New insights into what really drives cancer at its most basic level are challenging our whole view of the disease. Garry Hamilton reports

ONE of the worst things facing cancer patients is the uncertainty. Often, their doctors cannot give them an accurate picture of how rapidly their disease is likely to progress, how it will respond to treatment or even what treatment would be most appropriate. In some cases doctors may be unable to say exactly what type of cancer a patient has.

But that is about to change. A wave of optimism is spreading among cancer researchers, thanks to new technology that lets them watch how genes operate inside cancer cells and predict how that particular tumour will behave. What’s more, these new insights will transform our view of the disease. In the future, we will not talk of breast cancer or lung cancer. Instead we will classify tumours according to their particular pattern of abnormal gene activity. In effect, we will be seeing cancer for what it really is – a disease of the genes.

If the predictions come true, how we treat cancer now will seem like a crude footnote in history. In its place oncologists will have a system that lets them precisely quantify what a tumour is, know exactly how it is likely to progress, and be able to predict exactly which treatment is likely to have the best outcome.
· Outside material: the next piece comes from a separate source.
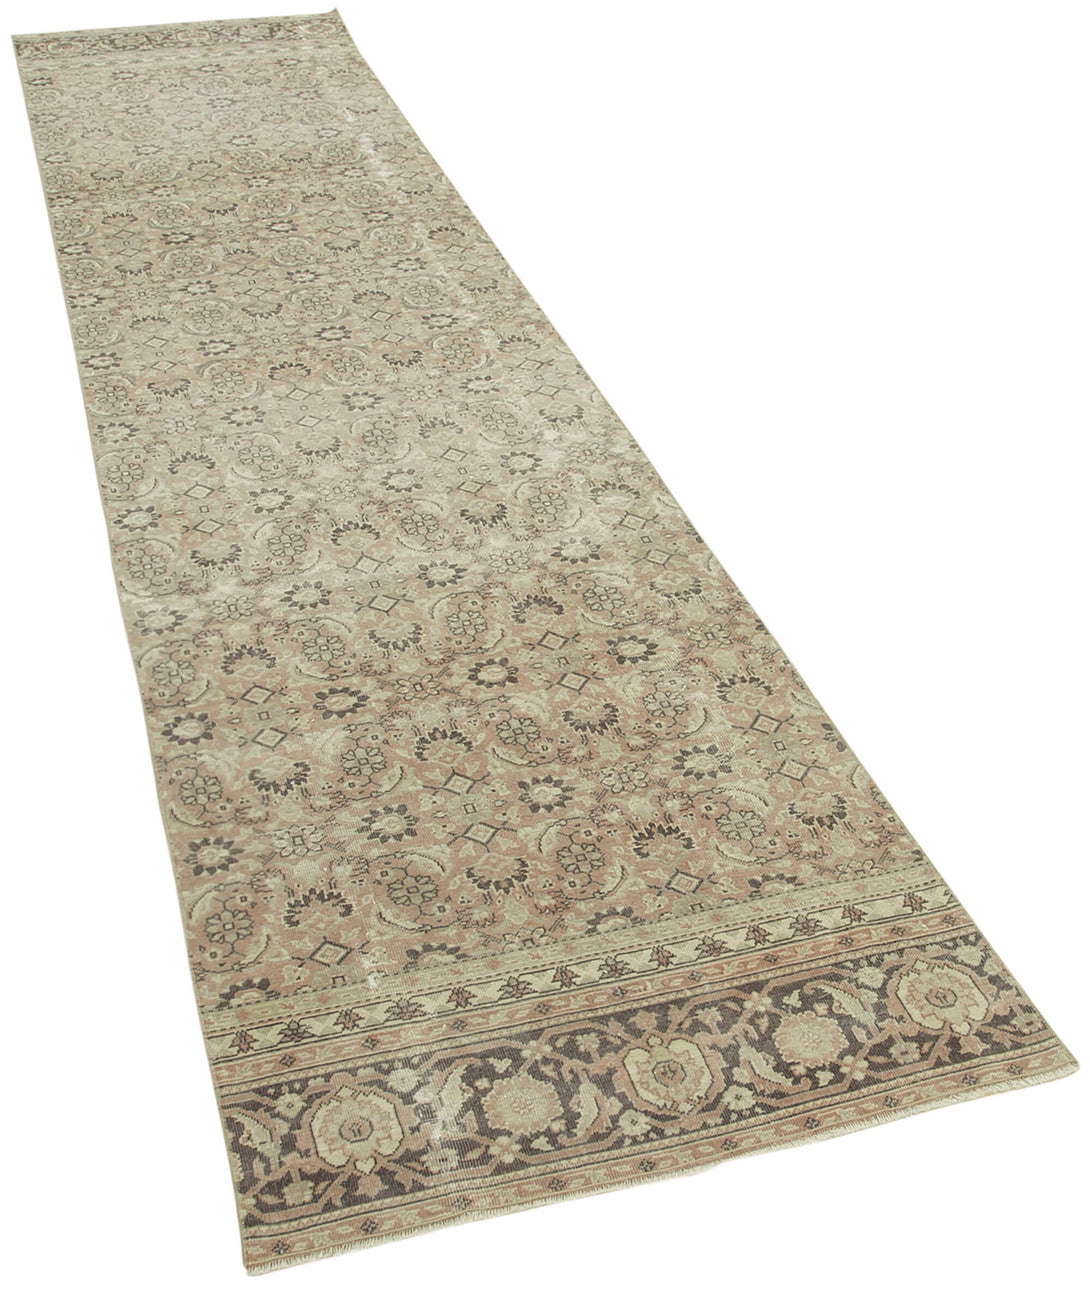 Handmade Overdyed Runner > Design# OL-AC-38111 > Size: 2'-8" x 12'-3", Carpet Culture Rugs, Handmade Rugs, NYC Rugs, New Rugs, Shop Rugs, Rug Store, Outlet Rugs, SoHo Rugs, Rugs in USA

Until now oncologists knew very little about the workings of a tumour cell. Although decades of hard slog have uncovered many key genes associated with cancer, how these and many other genes interact to drive the basic biology of the tumour is still largely a closed book. That means doctors base diagnoses, treatment and predictions of outcome on educated guesswork combined with subjective interpretation of a patient’s age and health and what the tumour looks like under a microscope.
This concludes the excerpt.